Which, of course, are problems that all television shows must overcome - regardless of how many A-list stars you have in your cast. Returning to the shows above, how many of those have already been cancelled? How many are by all accounts incredibly average? For every 30 Rock there is a Pan Am, a Breaking In, a Lie To Me. There is a saturation of Hollywood stars in television shows at the moment, and their presence is in no way a guarantee of quality. There has been a rather impressive switch-around; no more the exile of doomed actors, it has instead become the way to try and score an easy ratings boost. Are you a producer with a mediocre show on your desk? Stick a star in, they’ll inject it with some publicity! Even the most banal television has a better shot at success if there is a recognisable name attached to it.

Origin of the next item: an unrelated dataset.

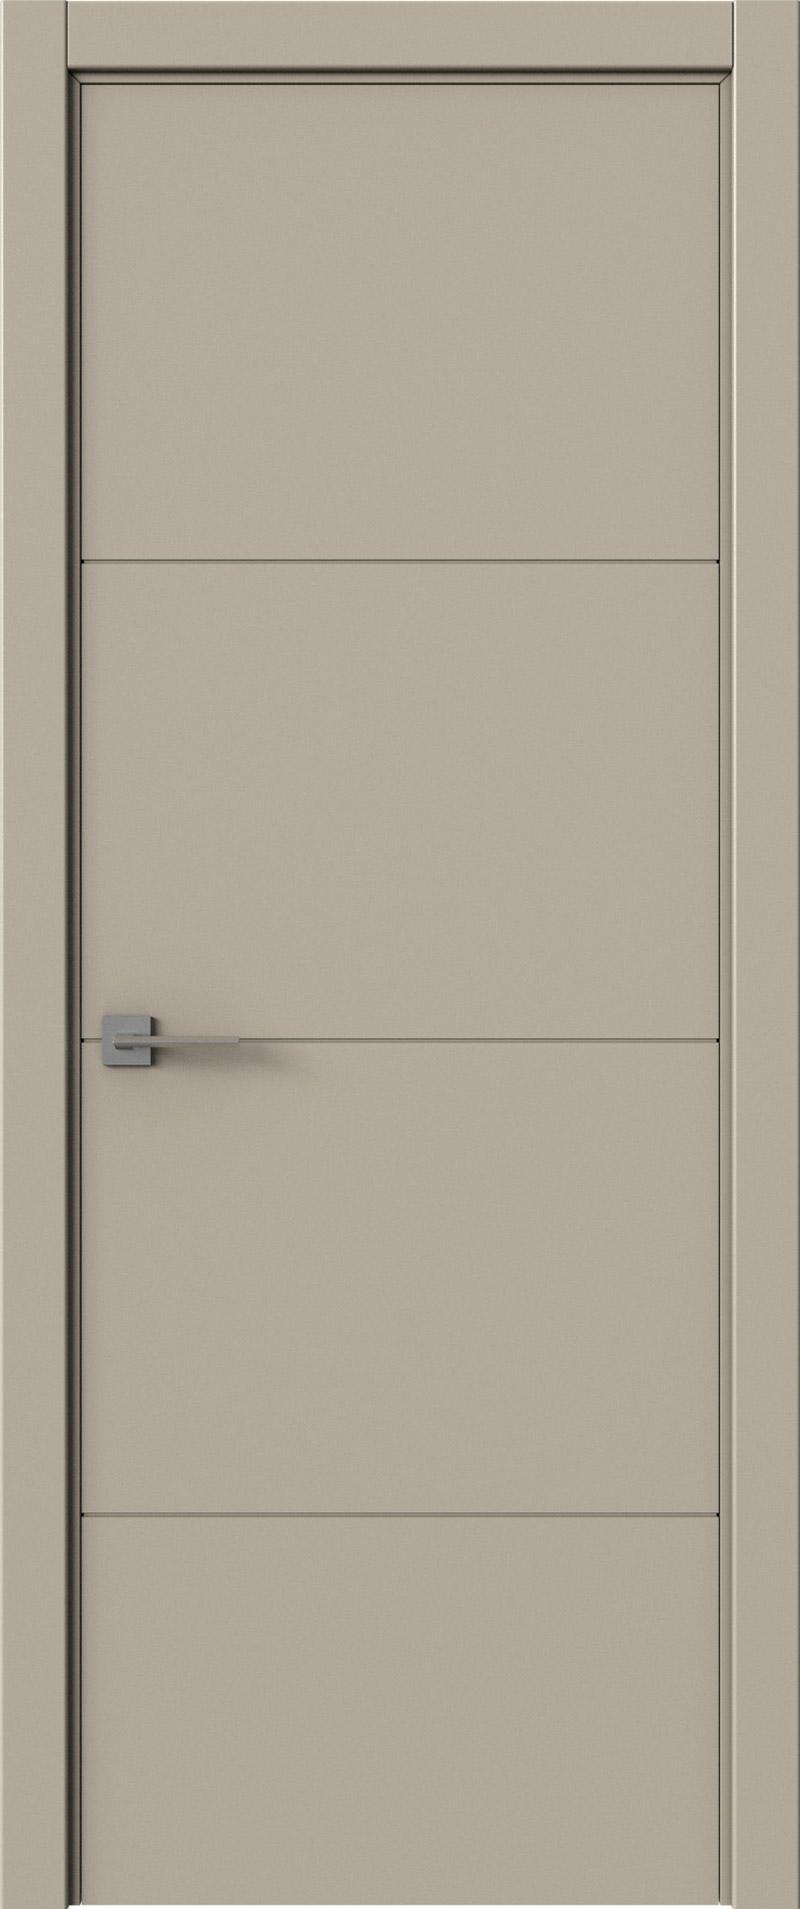 Tivoli Г-2 цвет - Серо-оливковая эмаль (RAL 7032) Без стекла (ДГ)

As for the actors themselves, the lure of a well-written part must be extremely tempting, especially given the possibility of really exploring that character in great depth. And, well, who wouldn’t want a slice of the extremely valuable TV pie? Seven seasons of 30 Rock means seven years of a good, steady paycheck, after all.
Blurred Lines
Perhaps it shouldn’t really come as a surprise, after all. So long as film and television continue to merge in terms of look and feel, and so long as television has the ability to offer really meaty roles with deep characterisation and long-term plotting, actors will be drawn to it. As Soderbergh says, there are legitimate times when what is offered on television simply cannot survive in the movie world. And just like the cinema, there will always be fantastic TV and crappy TV, and everything in-between. Sure, Hollywood’s best and brightest have started to muscle in on the action, but does that really change anything? Producers can use a Hollywood star to polish their turd of a show as much as they want, but people will figure out if they’re being duped sooner or later. Actors make bad film choices all the time, it would be madness to say their television selections would somehow be any different. HBO would love to have people believe that the presence of someone like Robert De Niro in Criminal Justice means that it will be a whopping great drama, with tremendous performances and stellar plotting - and while it very will might be, just remember: he made The Adventures of Rocky and Bullwinkle, too.